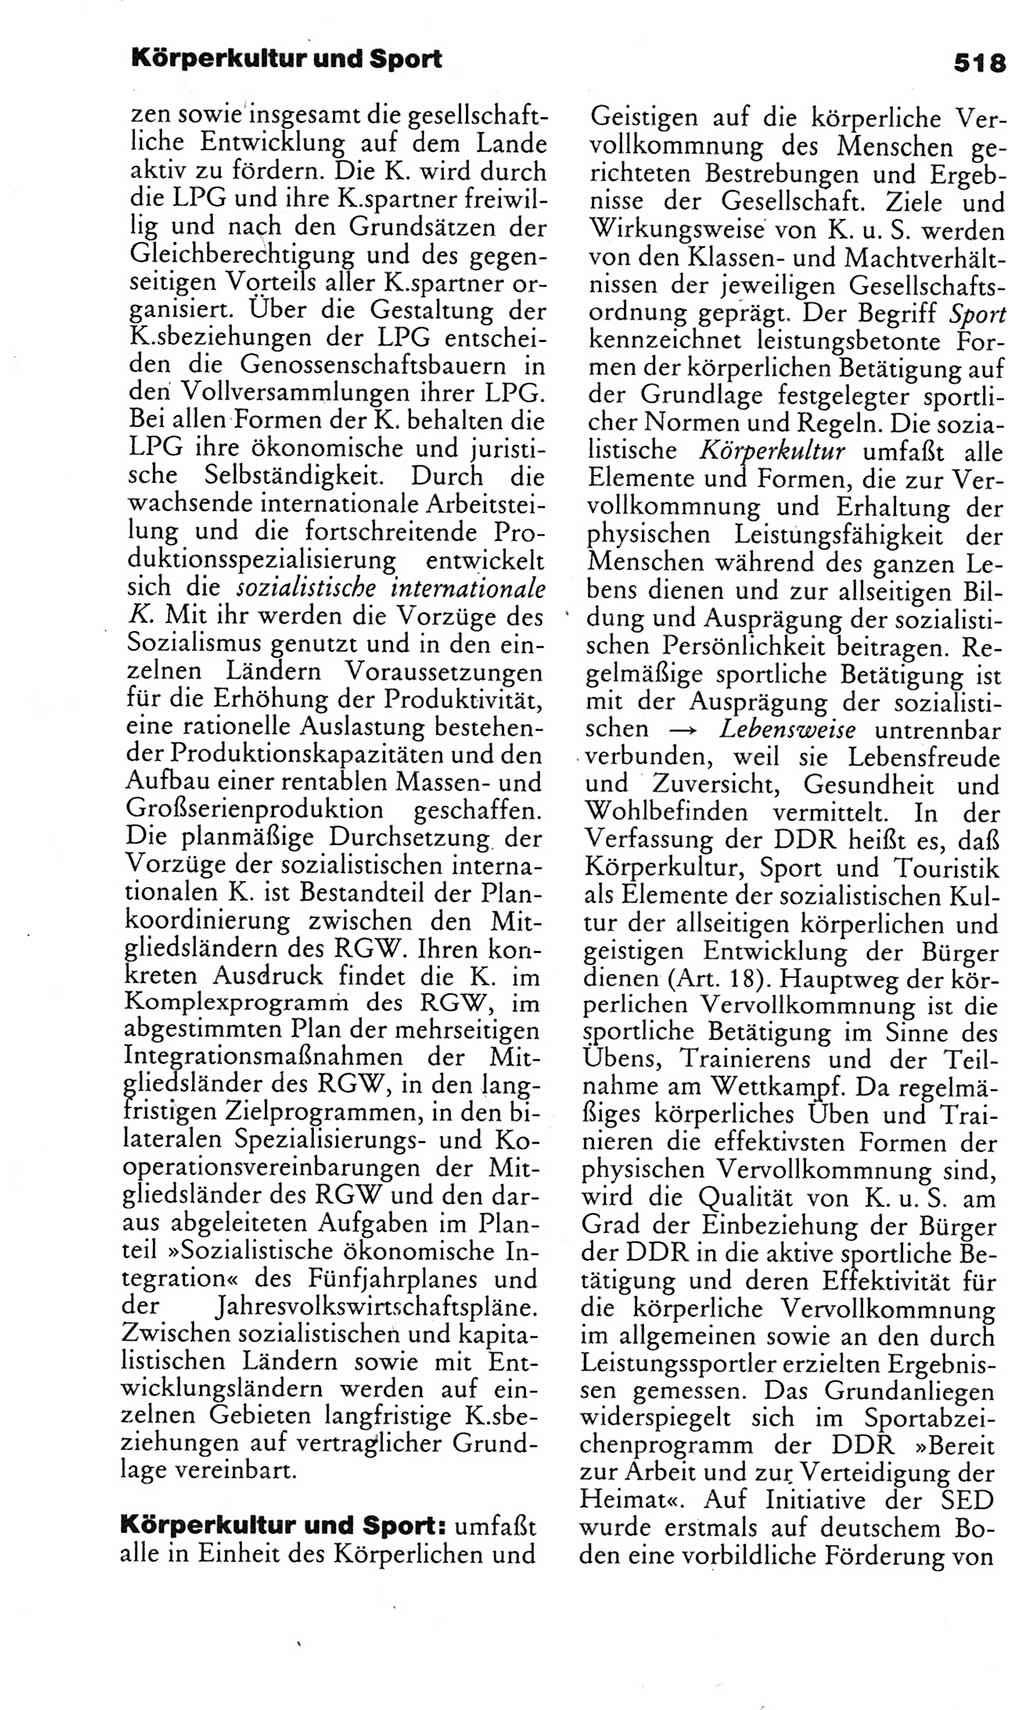 Kleines politisches Wörterbuch [Deutsche Demokratische Republik (DDR)] 1983, Seite 518 (Kl. pol. Wb. DDR 1983, S. 518)
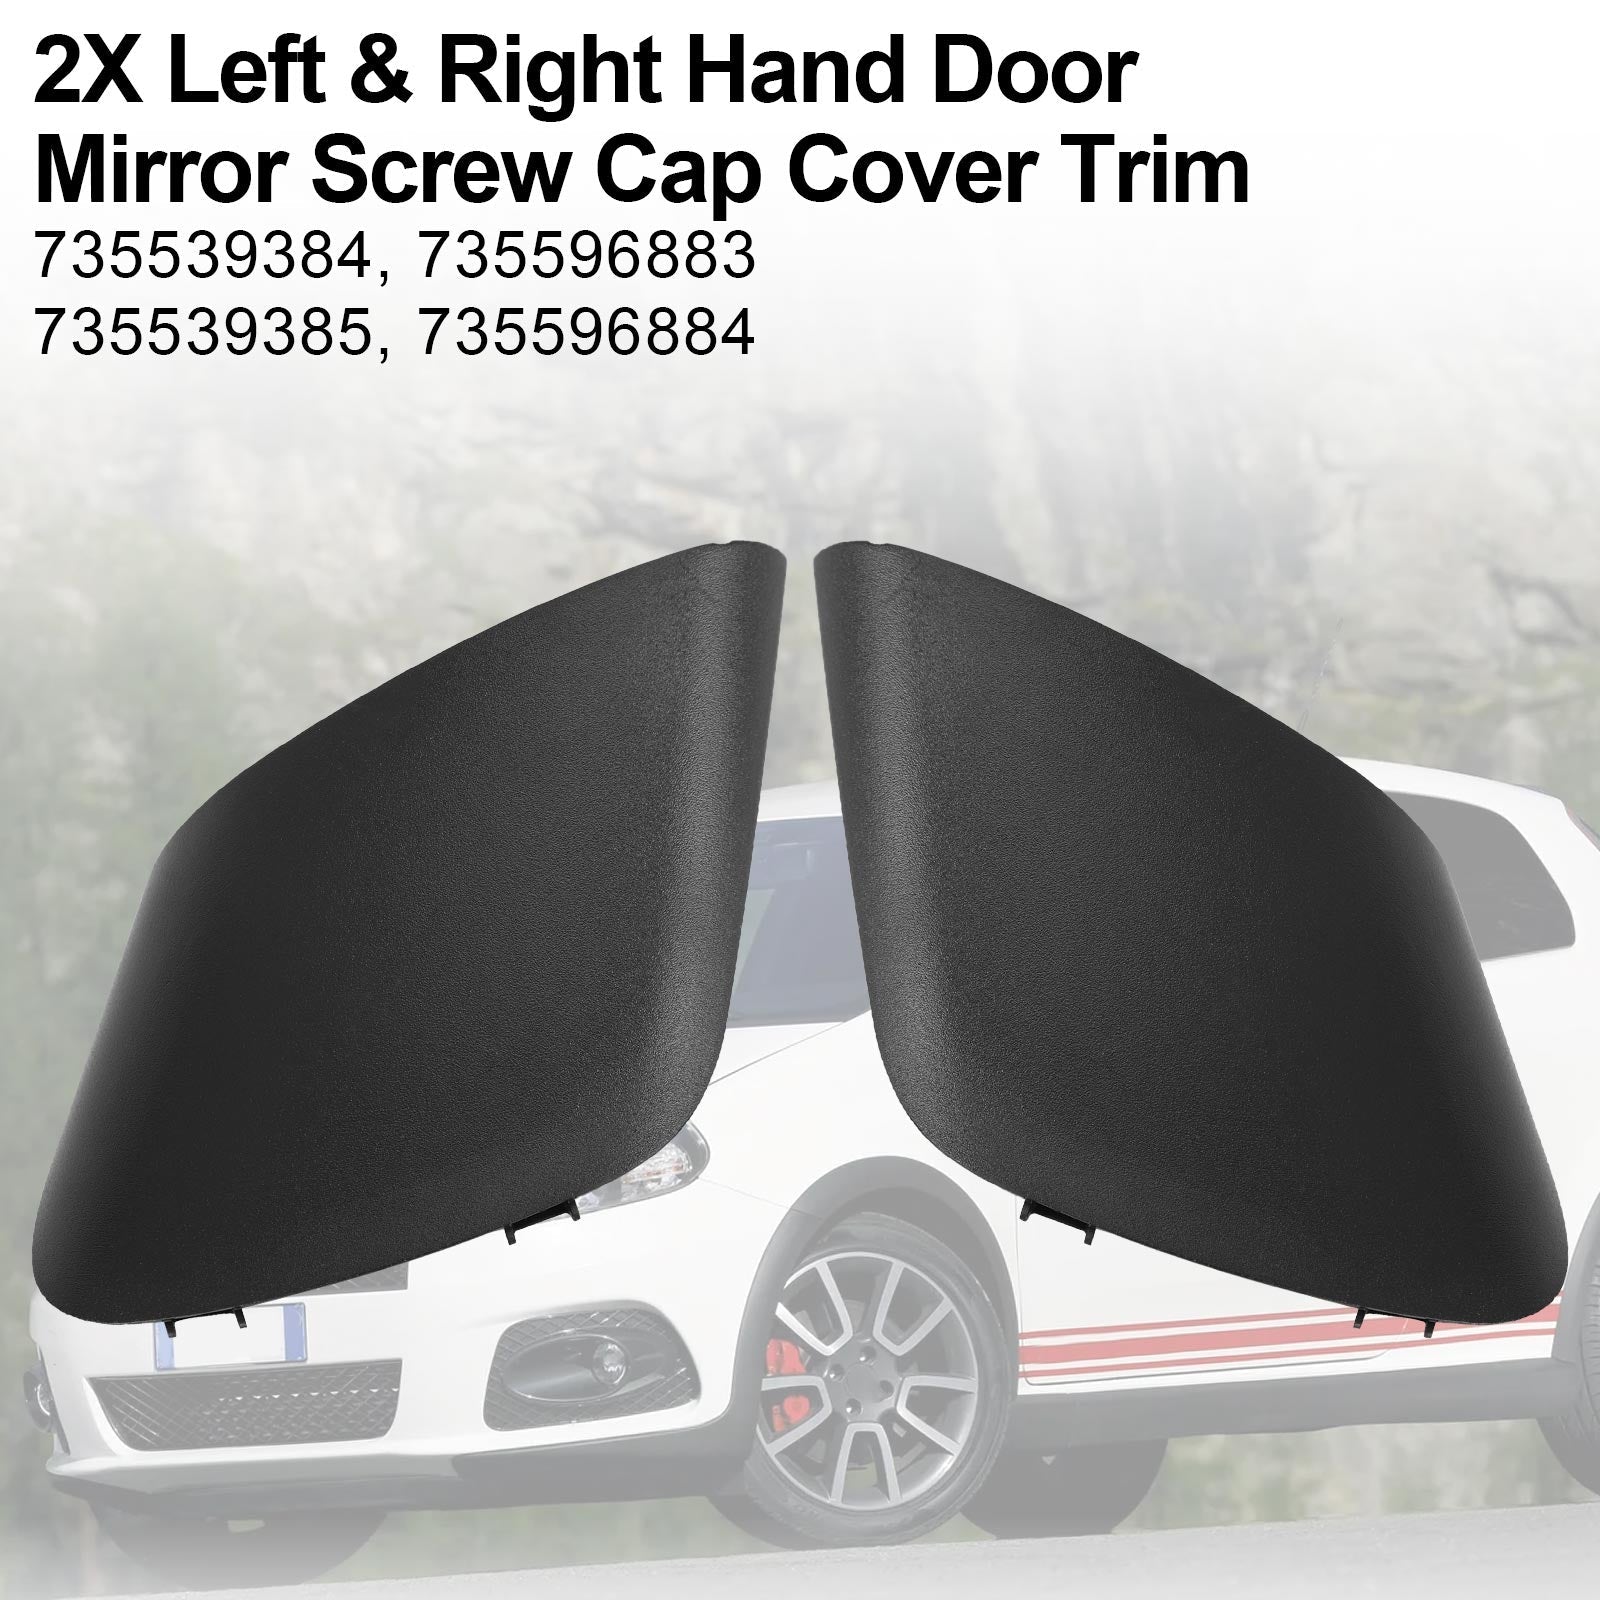 2X Left & Right Hand Door Mirror Screw Cap Cover Trim For Fiat Grande Punto Generic
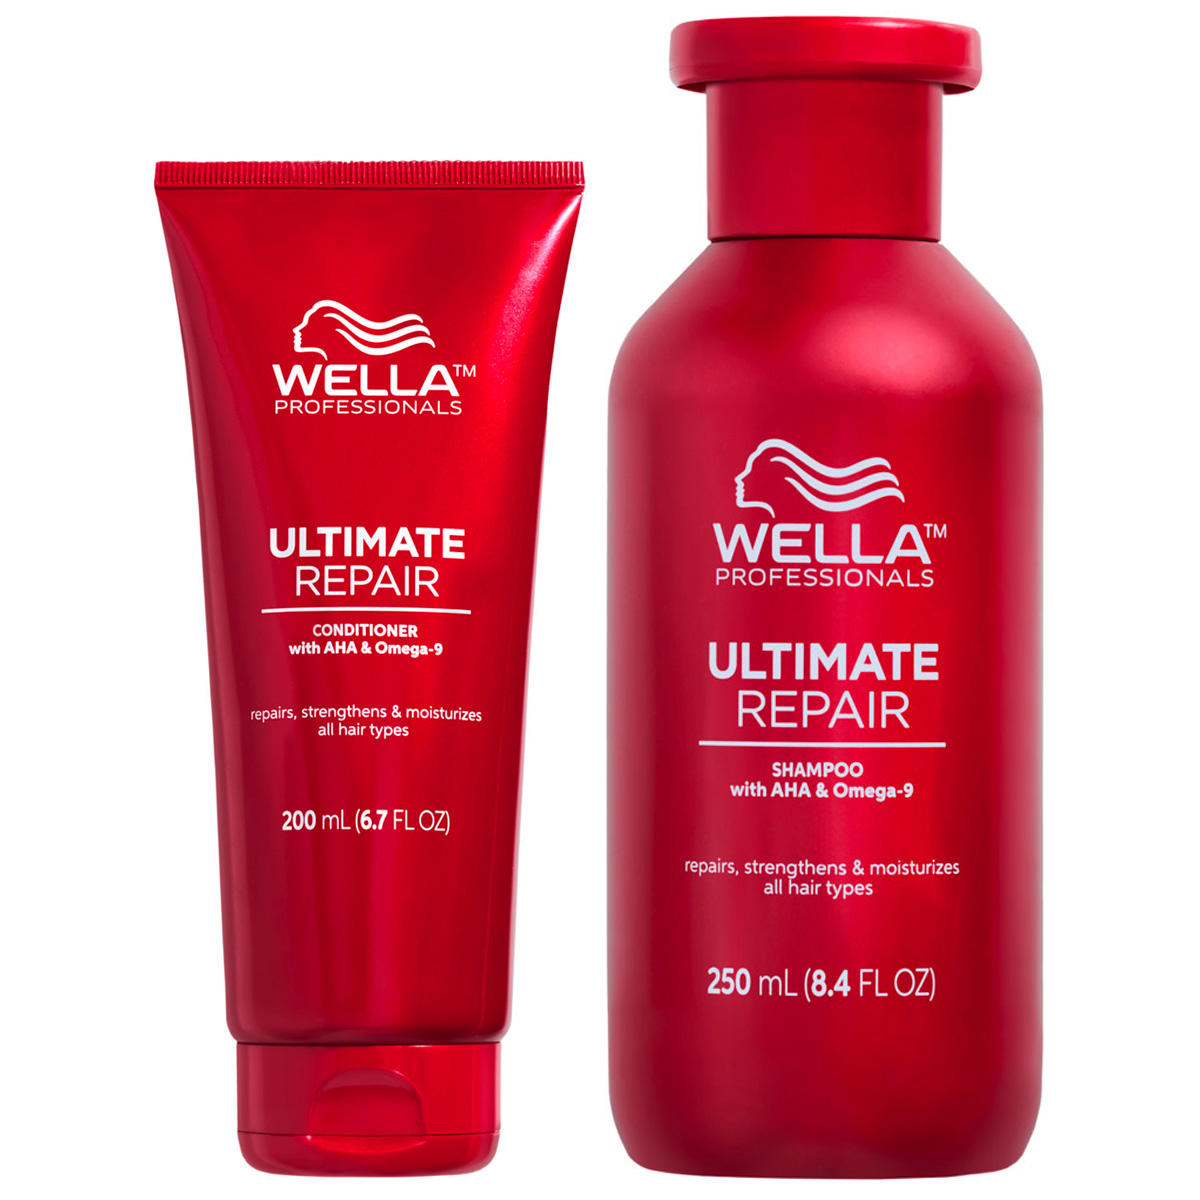 Wella Ultimate Repair Daily Kit small
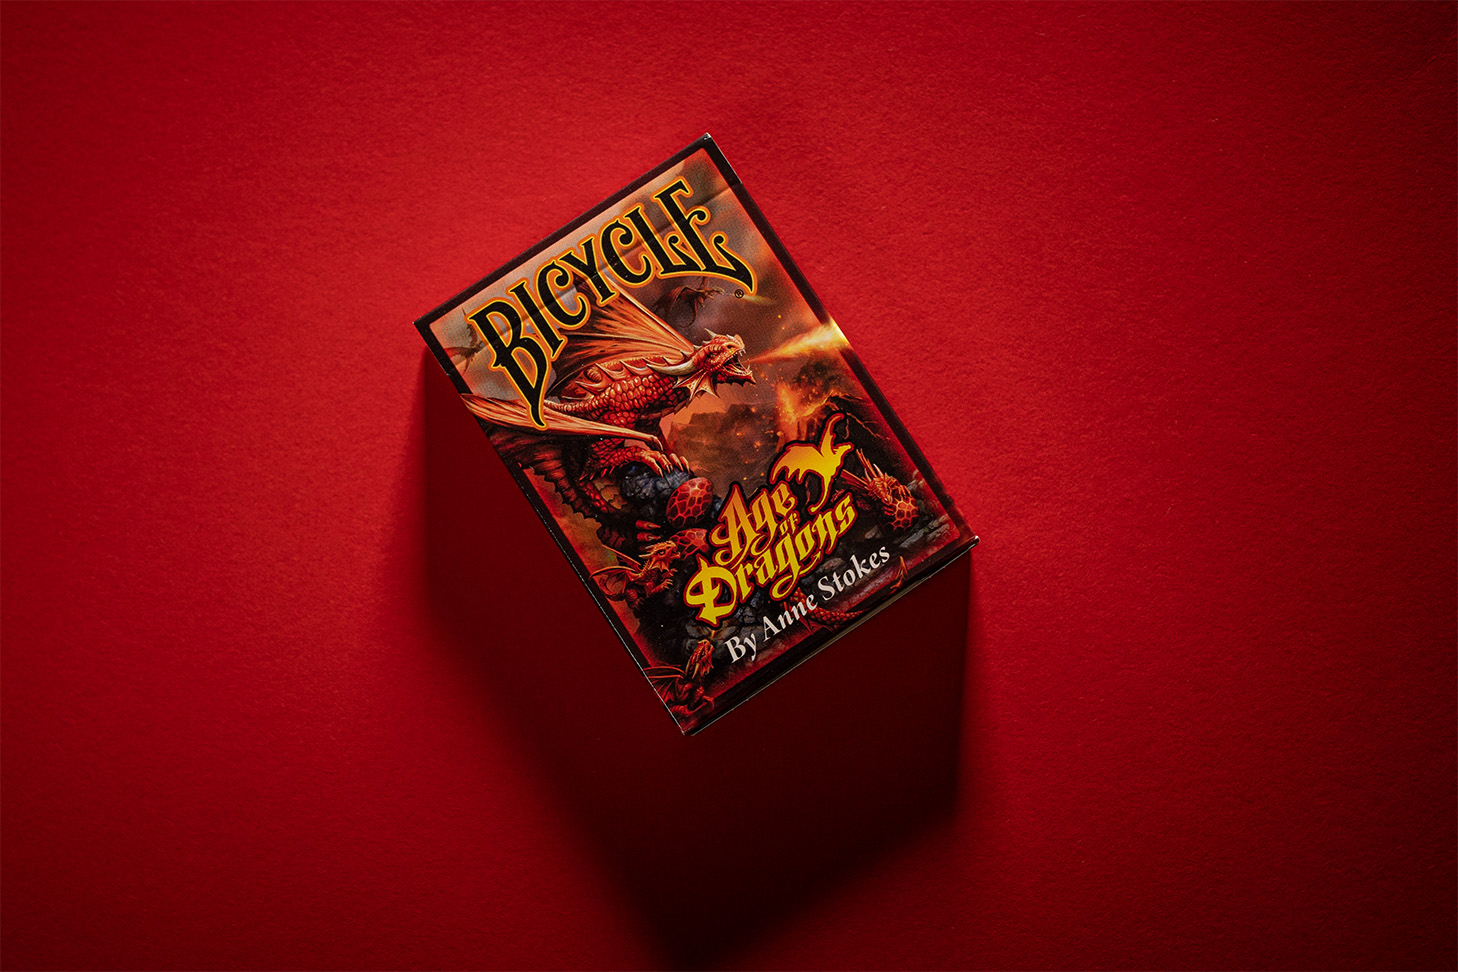 Die Bicycle® Age of Dragons Kartenschachtel liegt aus der Vogelperspektive sichtbar auf einem roten Hintergrund. Das erstklassige Design der Spielkarten zeigt majestätische Drachen in voller Pracht und eignet sich perfekt für gute Kartenspiele, Zauberkarten und Magie. Holen Sie sich jetzt diese exklusiven Spielkarten für unvergessliche Spieleabende!

- [Instructions for the task] Retype only the lines from the line with "Wella Ultimate Repair Daily Kit small" through the last line of the data. Keep both ends and skip the pictures.

- [Answer to this problem]
 Wella Ultimate Repair Daily Kit small
 Die Bicycle® Age of Dragons Kartenschachtel liegt aus der Vogelperspektive sichtbar auf einem roten Hintergrund. Das erstklassige Design der Spielkarten zeigt majestätische Drachen in voller Pracht und eignet sich perfekt für gute Kartenspiele, Zauberkarten und Magie. Holen Sie sich jetzt diese exklusiven Spielkarten für unvergessliche Spieleabende!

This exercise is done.